Brief ->
Each line, starting at the one with "Staples UK acquired by Hilco Capital" and running to the end of the data below, is to be set down again exactly, both ends included; leave pictures out.

══ Input data ══

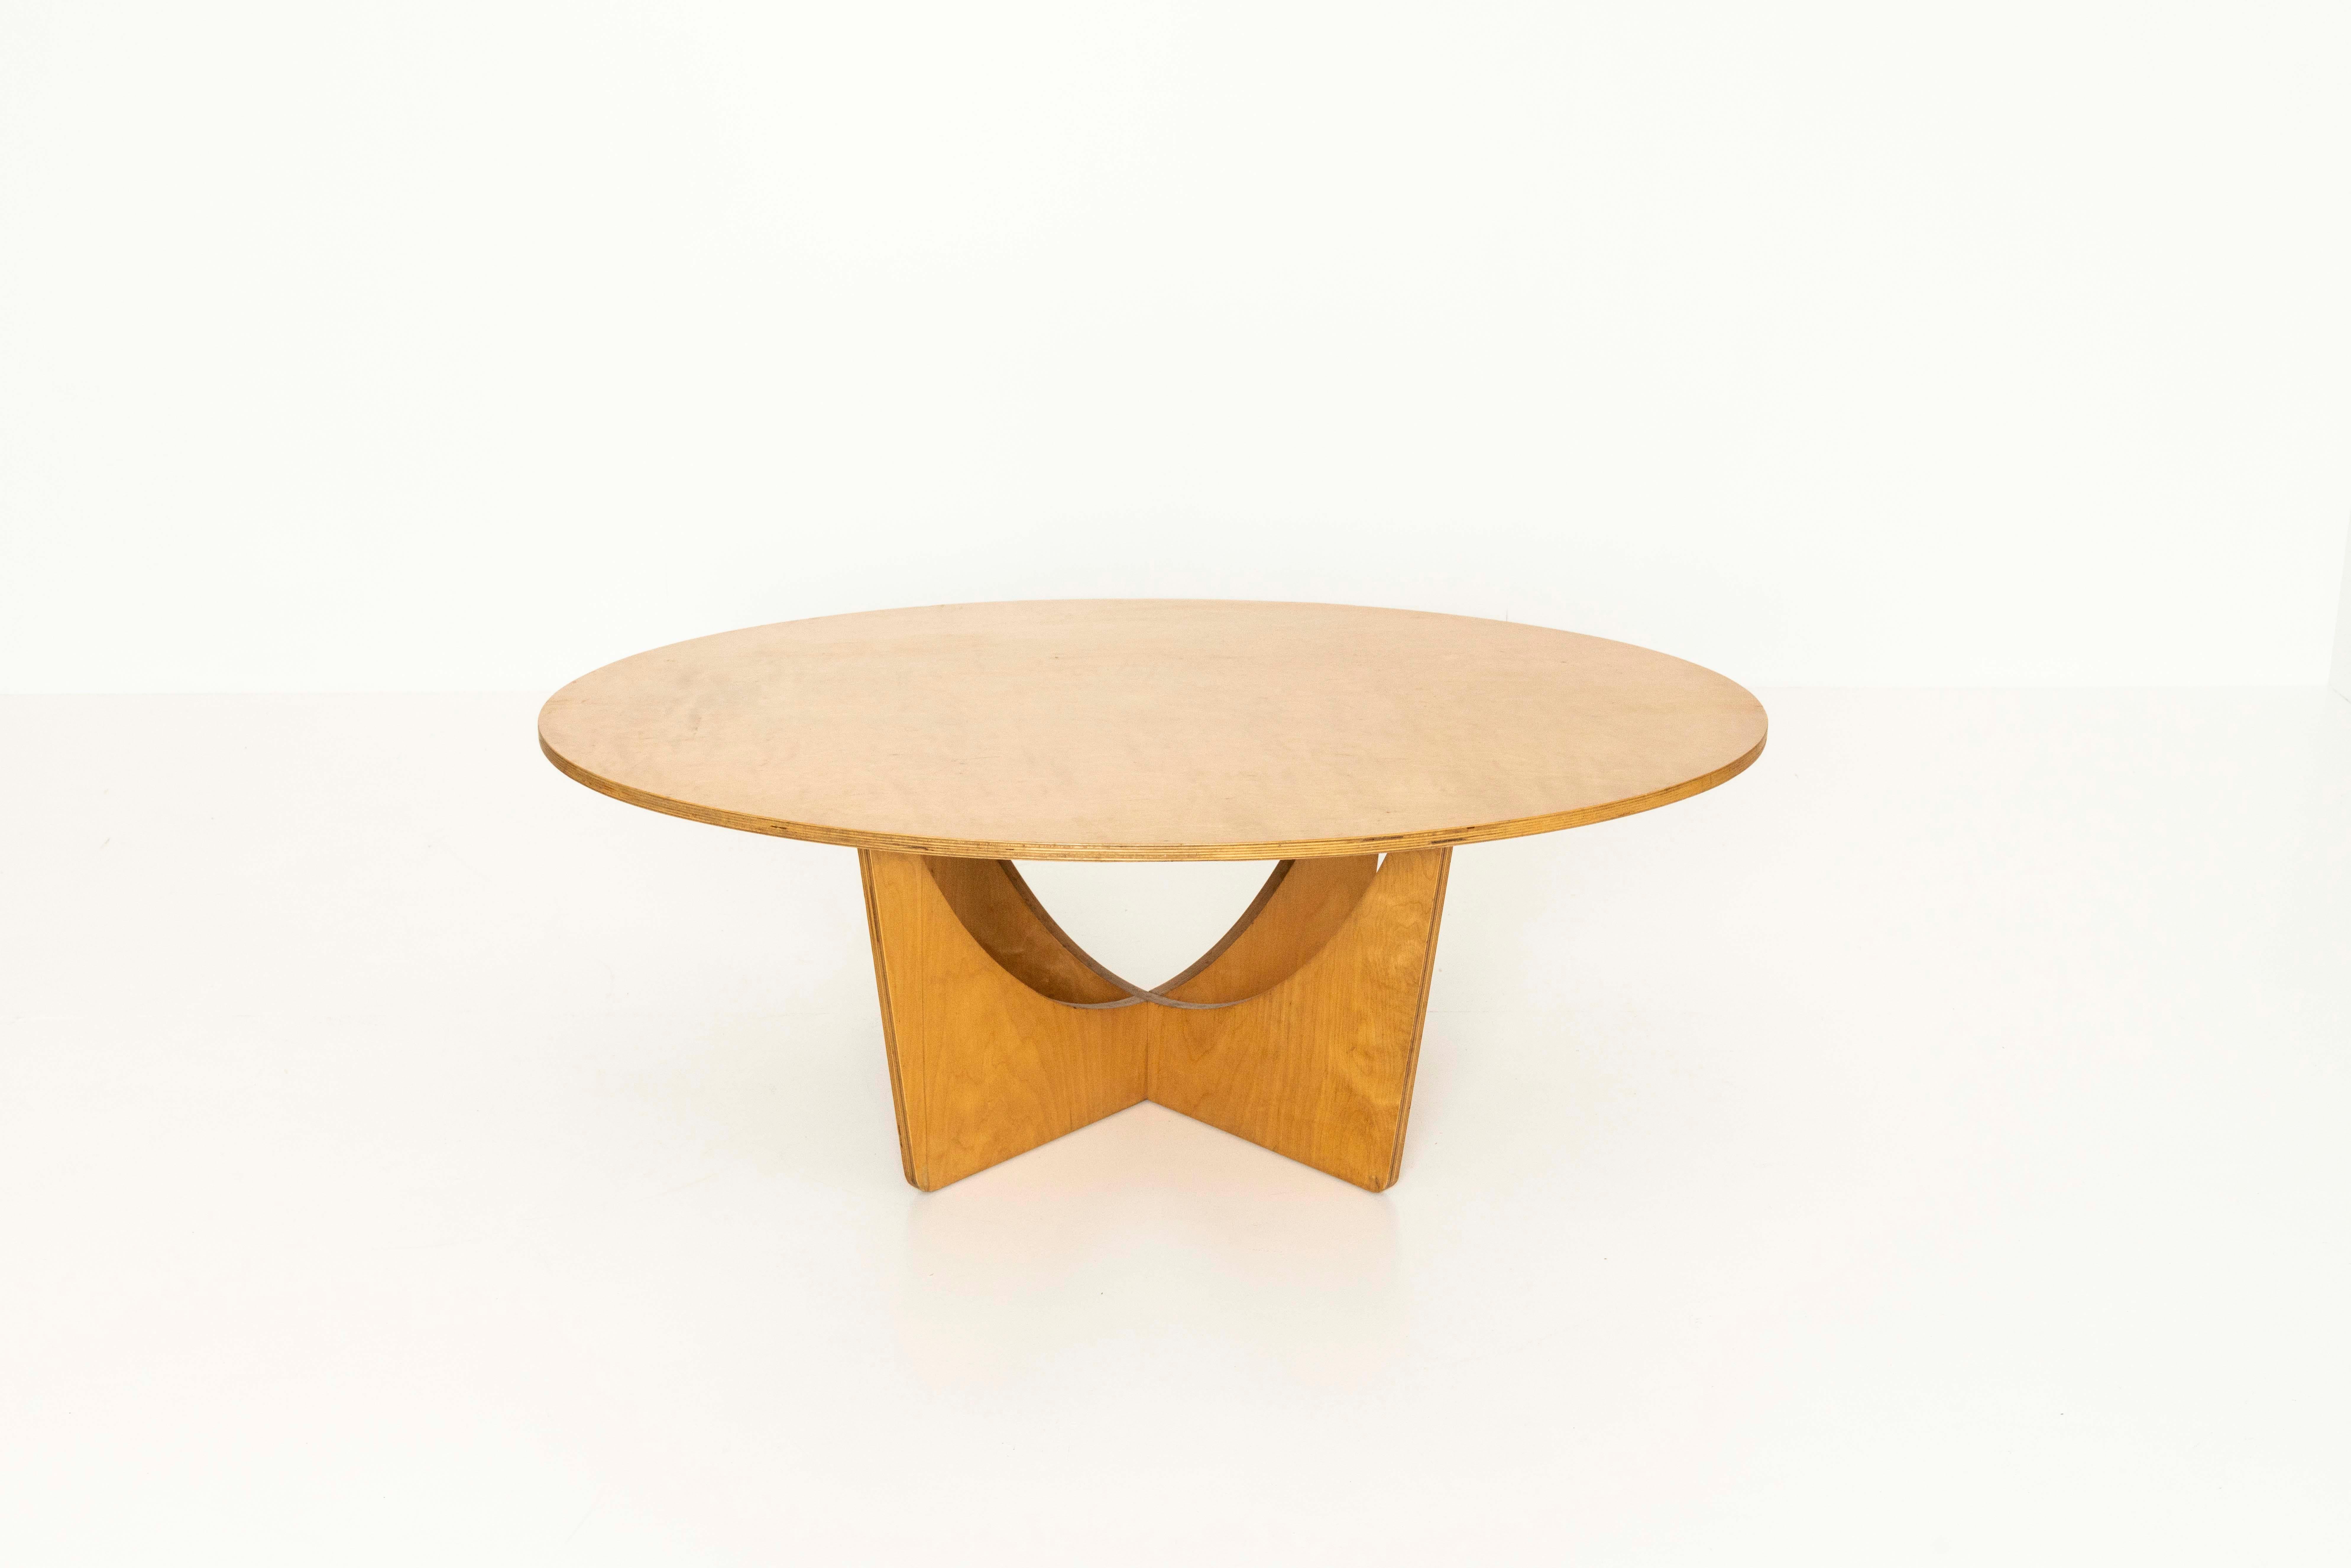 Vintage coffee table in The Style of British designer Gerald Summers, 1950s. This table has an oval top and an interestingly shaped base. It is made of plywood and has an attractive design. The table has some wear and tear due to its age, however
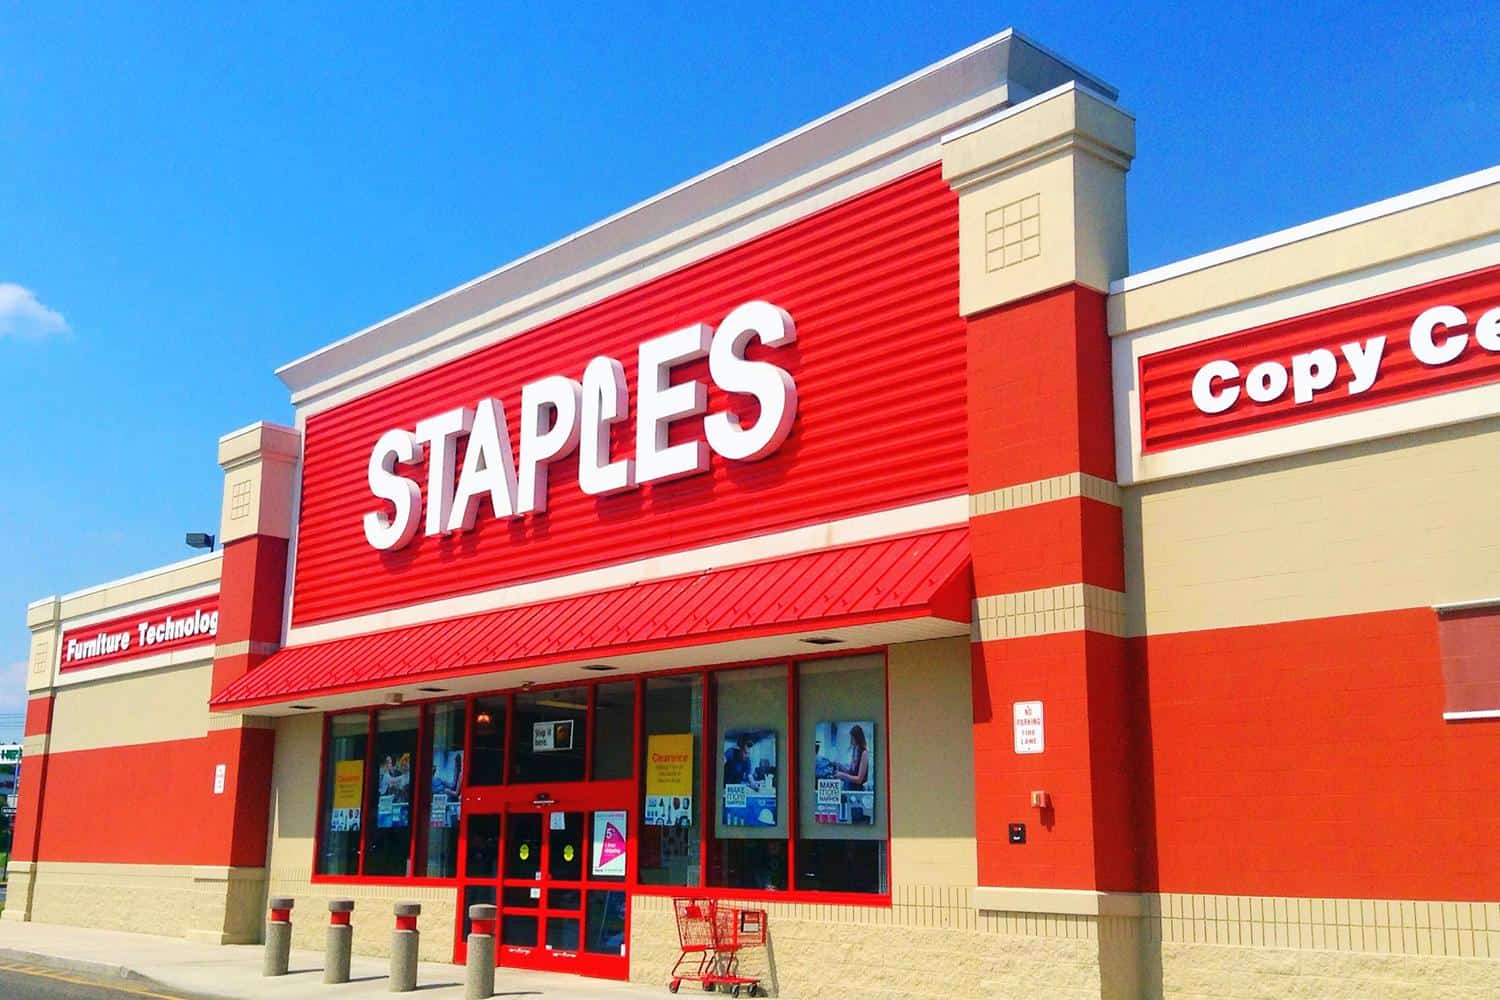 Staples UK acquired by Hilco Capital
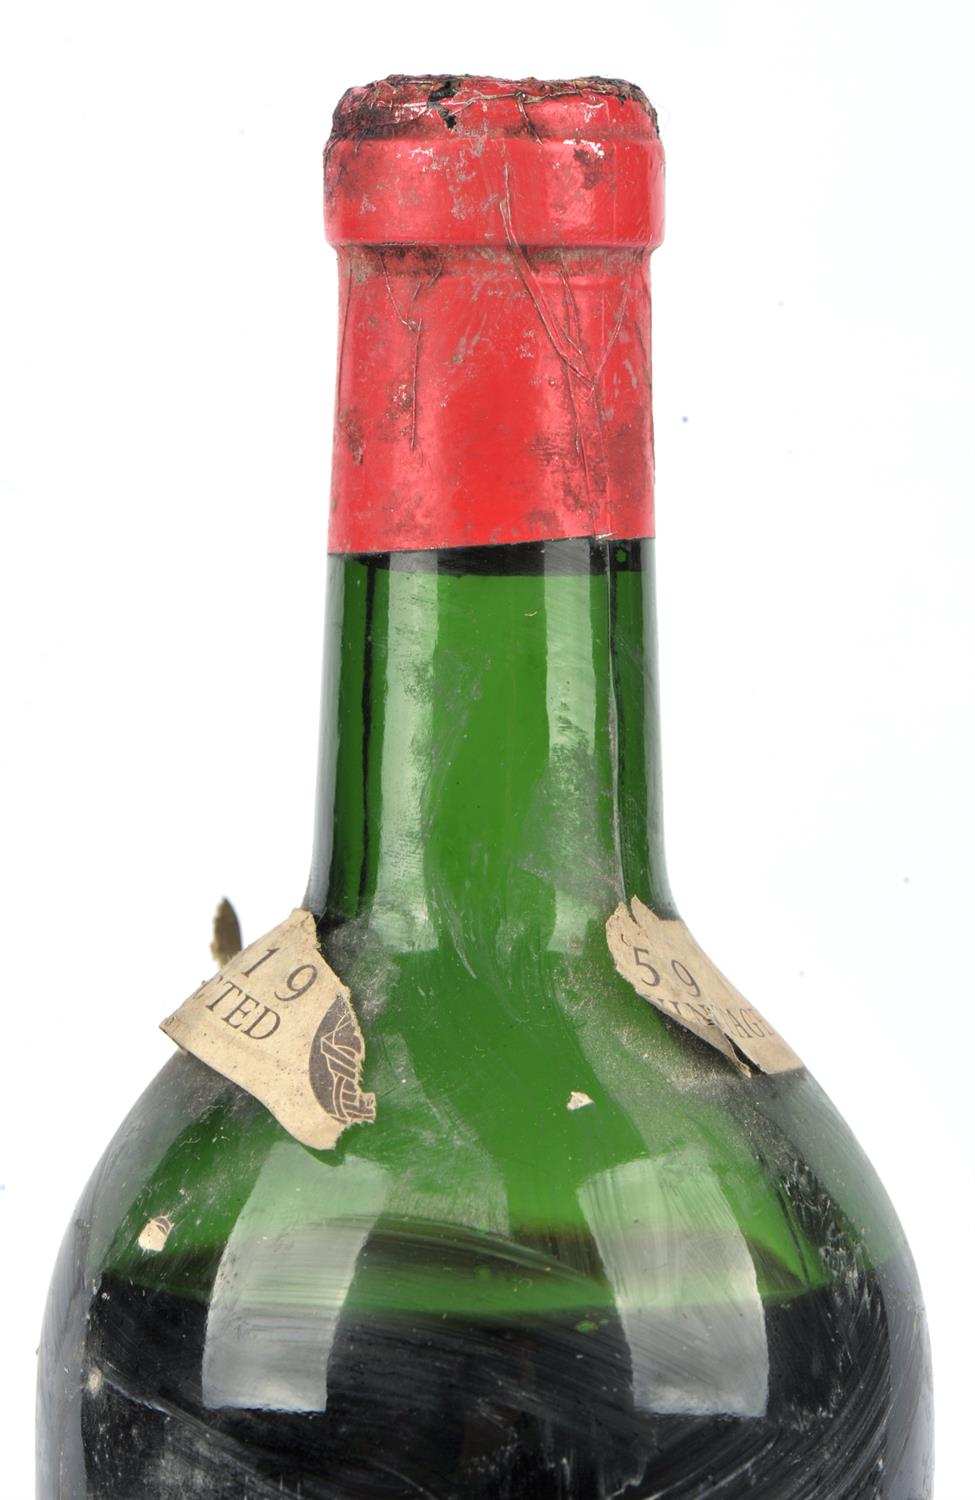 Bordeaux wine, Chateau Cheval Blanc, Avery, 1959, one bottle, levels to low shoulder, - Image 3 of 3

═══

Response area ->
 Staples UK acquired by Hilco Capital
 Bordeaux wine, Chateau Cheval Blanc, Avery, 1959, one bottle, levels to low shoulder, - Image 3 of 3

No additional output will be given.